Upgrade Model: All-in-one vs. Analysis-only upgrades

The last item I want to mention is the upgrade model of an FEO solution. The fact we chose the Central Analysis route offered another side benefit – we can upgrade each part of the system independently. We use a backward compatible protocol between our inline agents and our analysis center, and can therefore upgrade each as needed.

From a delivery perspective, this allows us to upgrade the software as rarely as possible. The inline code mostly applies HTML-aware search and replace instructions, which is fairly simple code, and doesn’t change often. This means less risk is introduced to the component in charge of delivering your website.

From an analysis perspective, this allows us to upgrade the software as frequently as possible. The analysis center is not inline, and if it goes offline briefly, customer websites are not affected. This means we can afford to be more aggressive and deploy new innovative software frequently.

Website owners still need to explicitly enable new optimizations, but this agility makes it easier for us to constantly offer and improve new ways to make their website faster. Between the fast pace of changes in the browser and mobile worlds, and the never-ending innovation cycle, this upgrade model has proven to be invaluable.

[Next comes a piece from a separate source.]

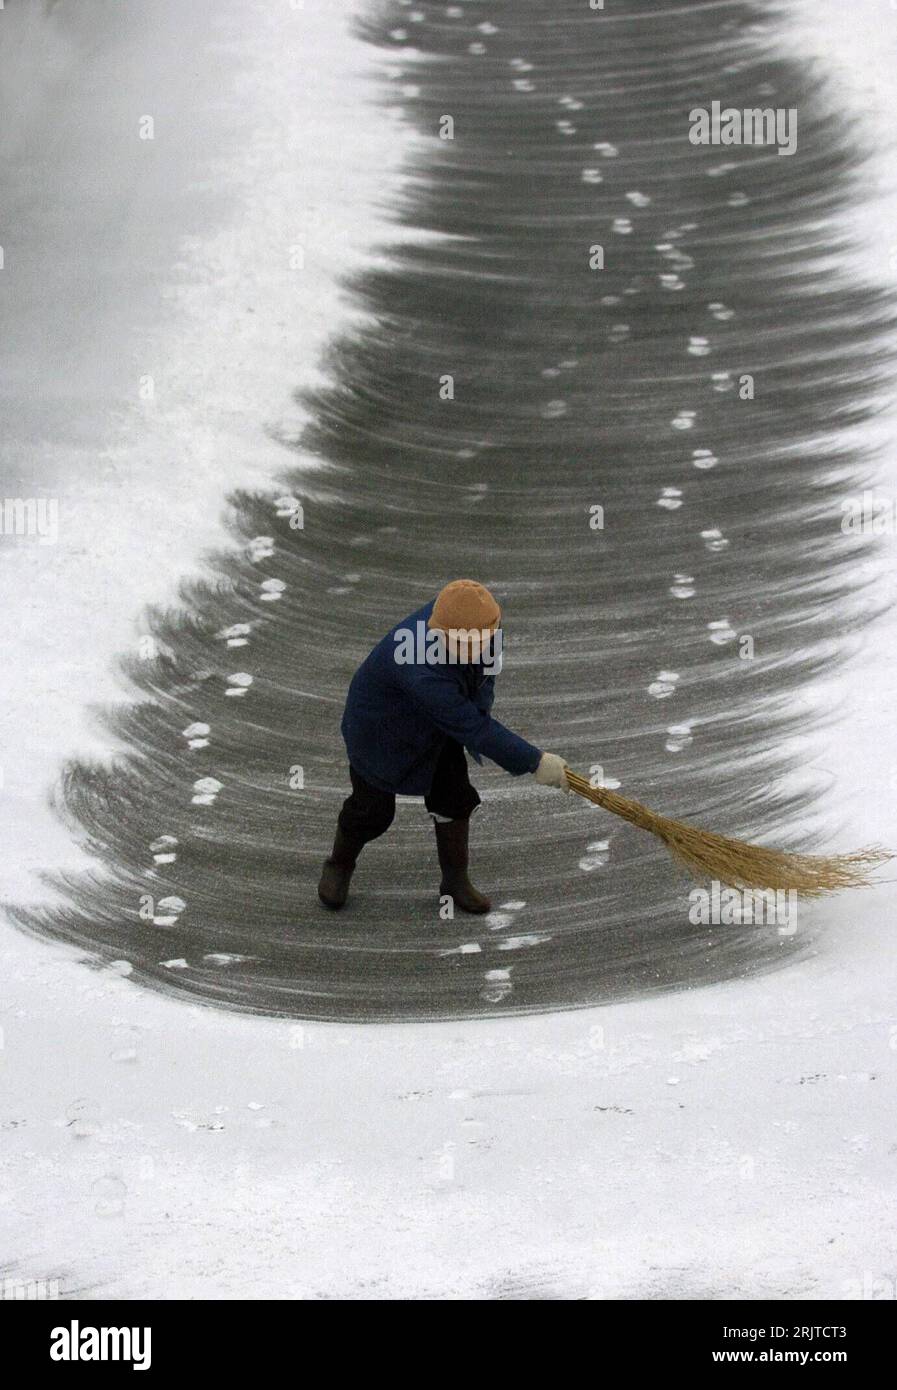 Schnee mit einem besen fegen -Fotos und -Bildmaterial in hoher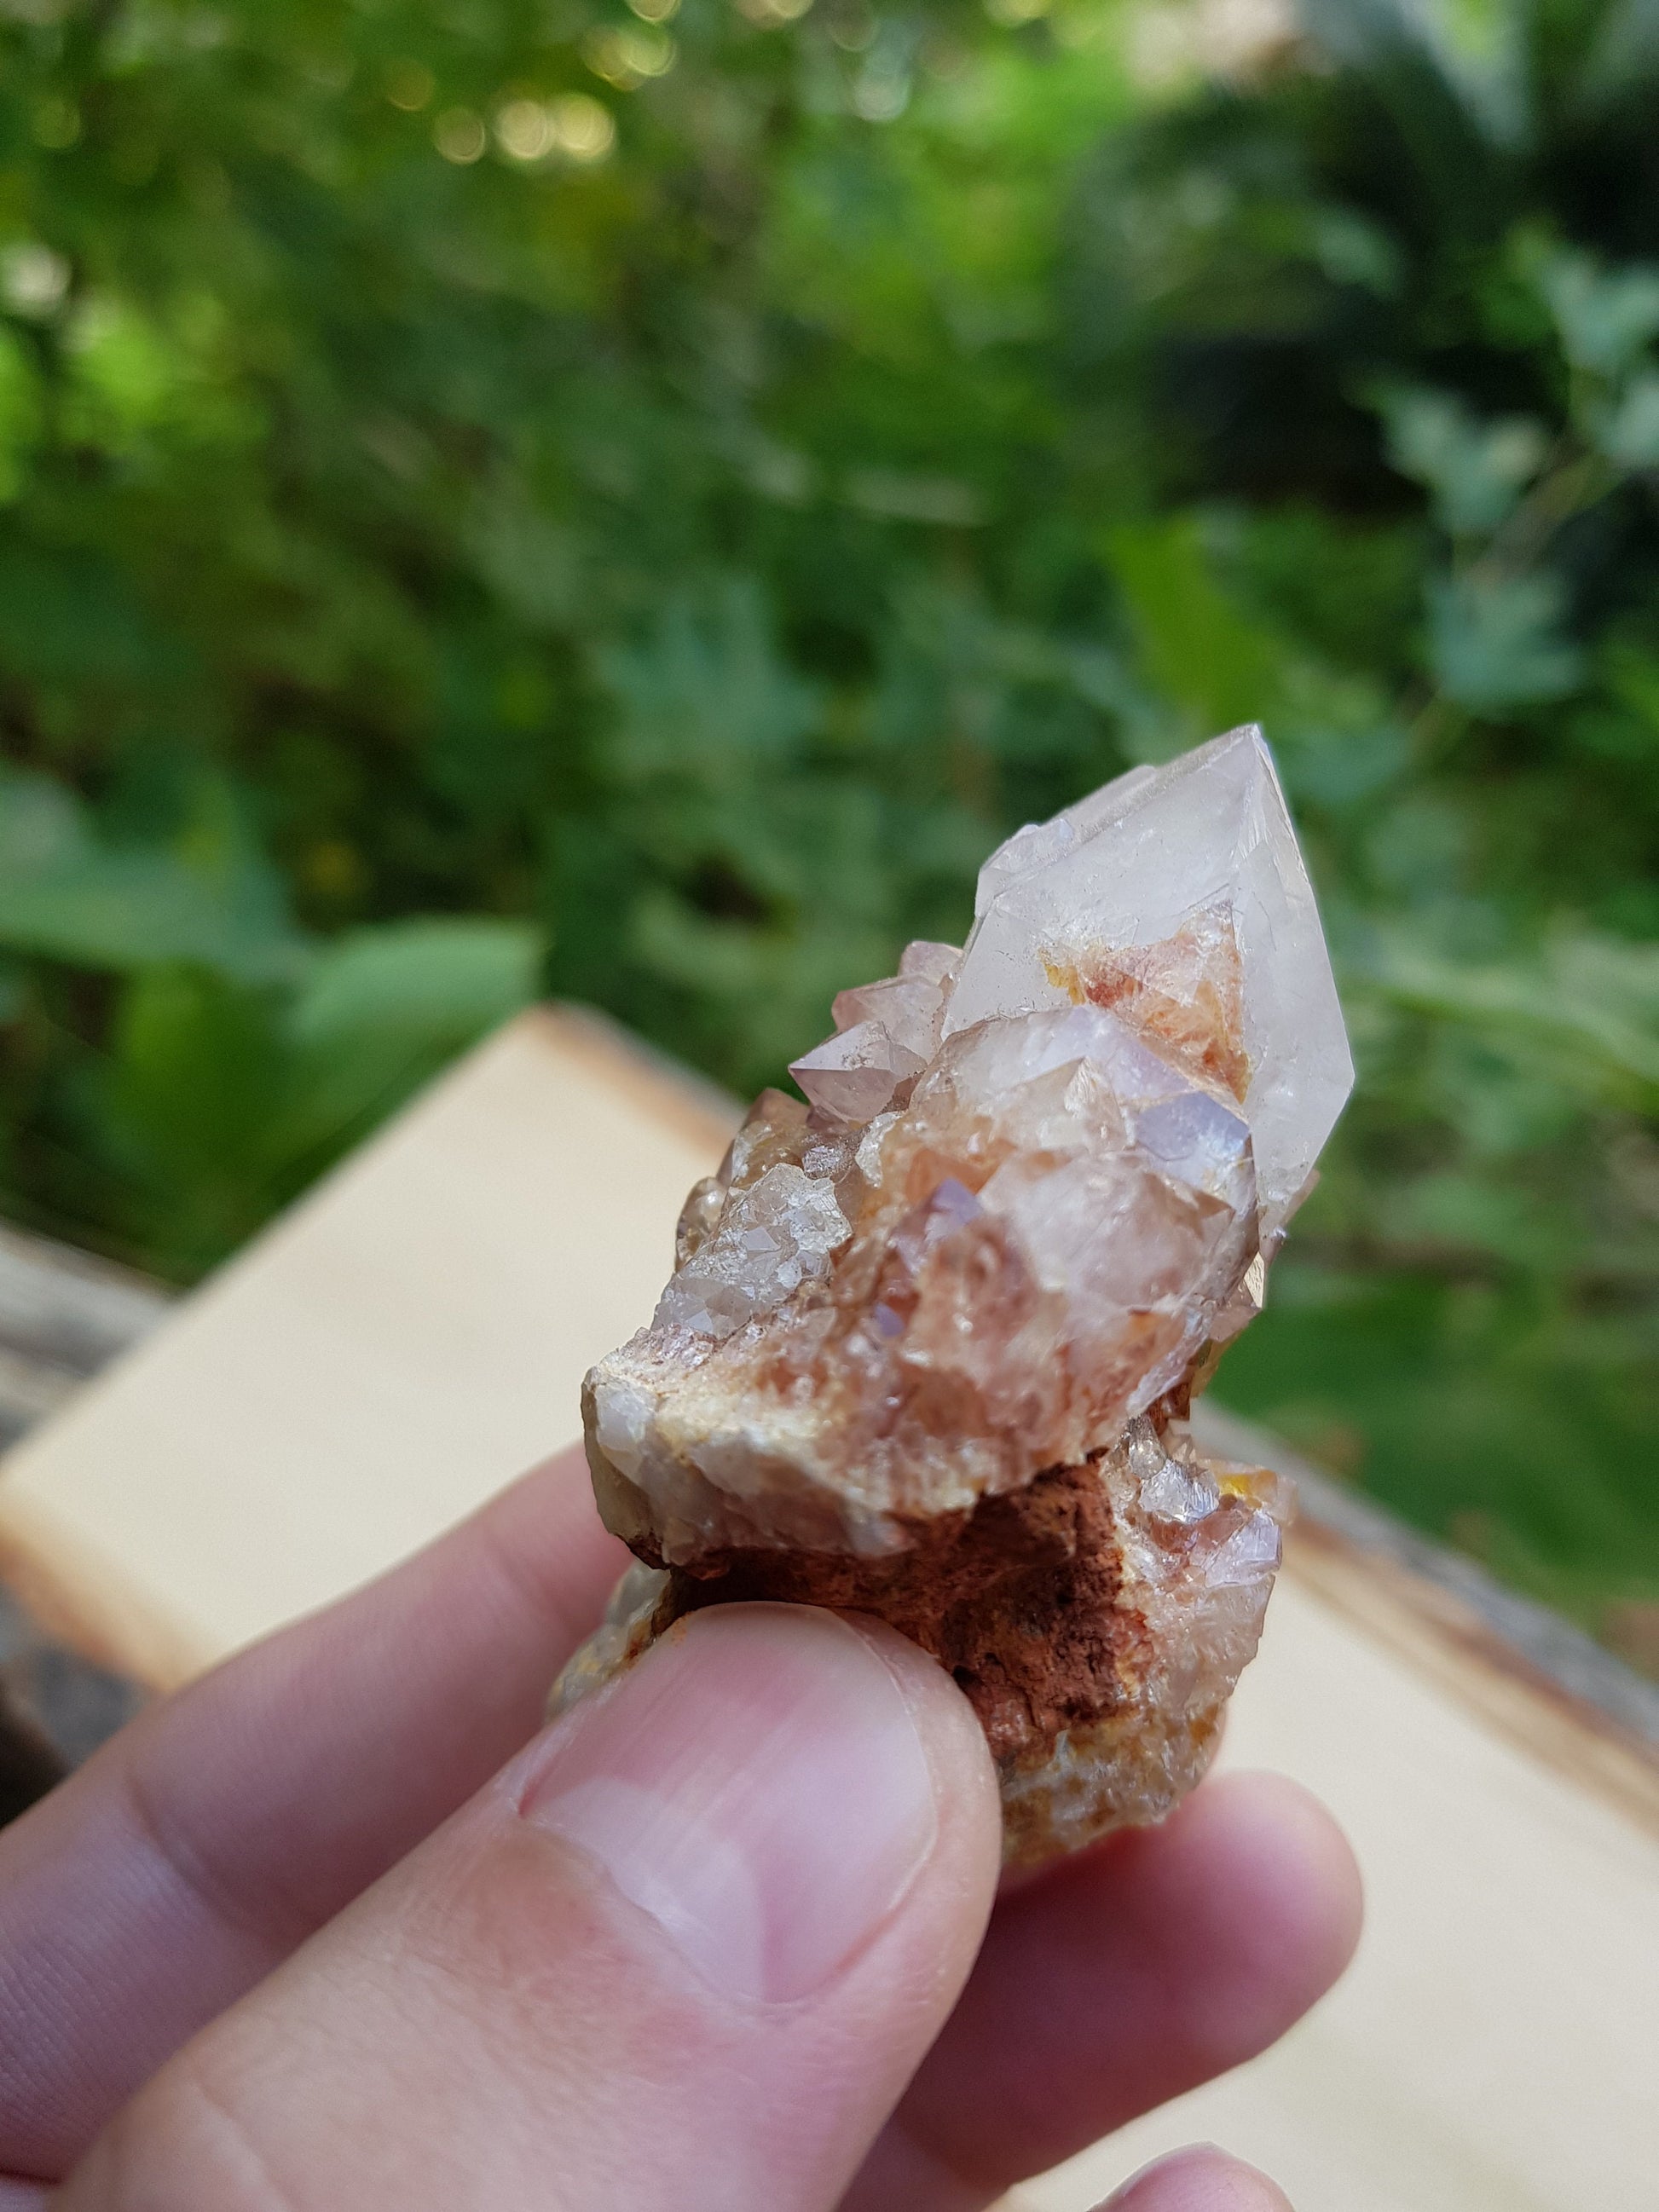 Amethyst Spirit Quartz , Amethyst Cactus Quartz, Crystals Rocks Minerals

Note that if you’re using hosted FEO solution, the upgrade model isn’t really your problem, as it’s a part of the service. However, it’s still worth understanding what happens behind the scenes, and knowing what’s easier or harder for your provider to do.

Summary

As is always the case, building an FEO solution involves more than meets the eye. The architecture decisions outlined above mattered a lot to us, and some of them are the result of trial and error – this isn’t the architecture we originally created…

In fact, FEO architecture is so complex, I had to split this post into two parts, to make it a bit more digestible… And these are just the summaries of the core decisions, not touching on specific optimizations or implementation details!

I hope these points will be useful when you consider using an FEO solution, helping you understand a bit more what are the trade-offs and decisions to make.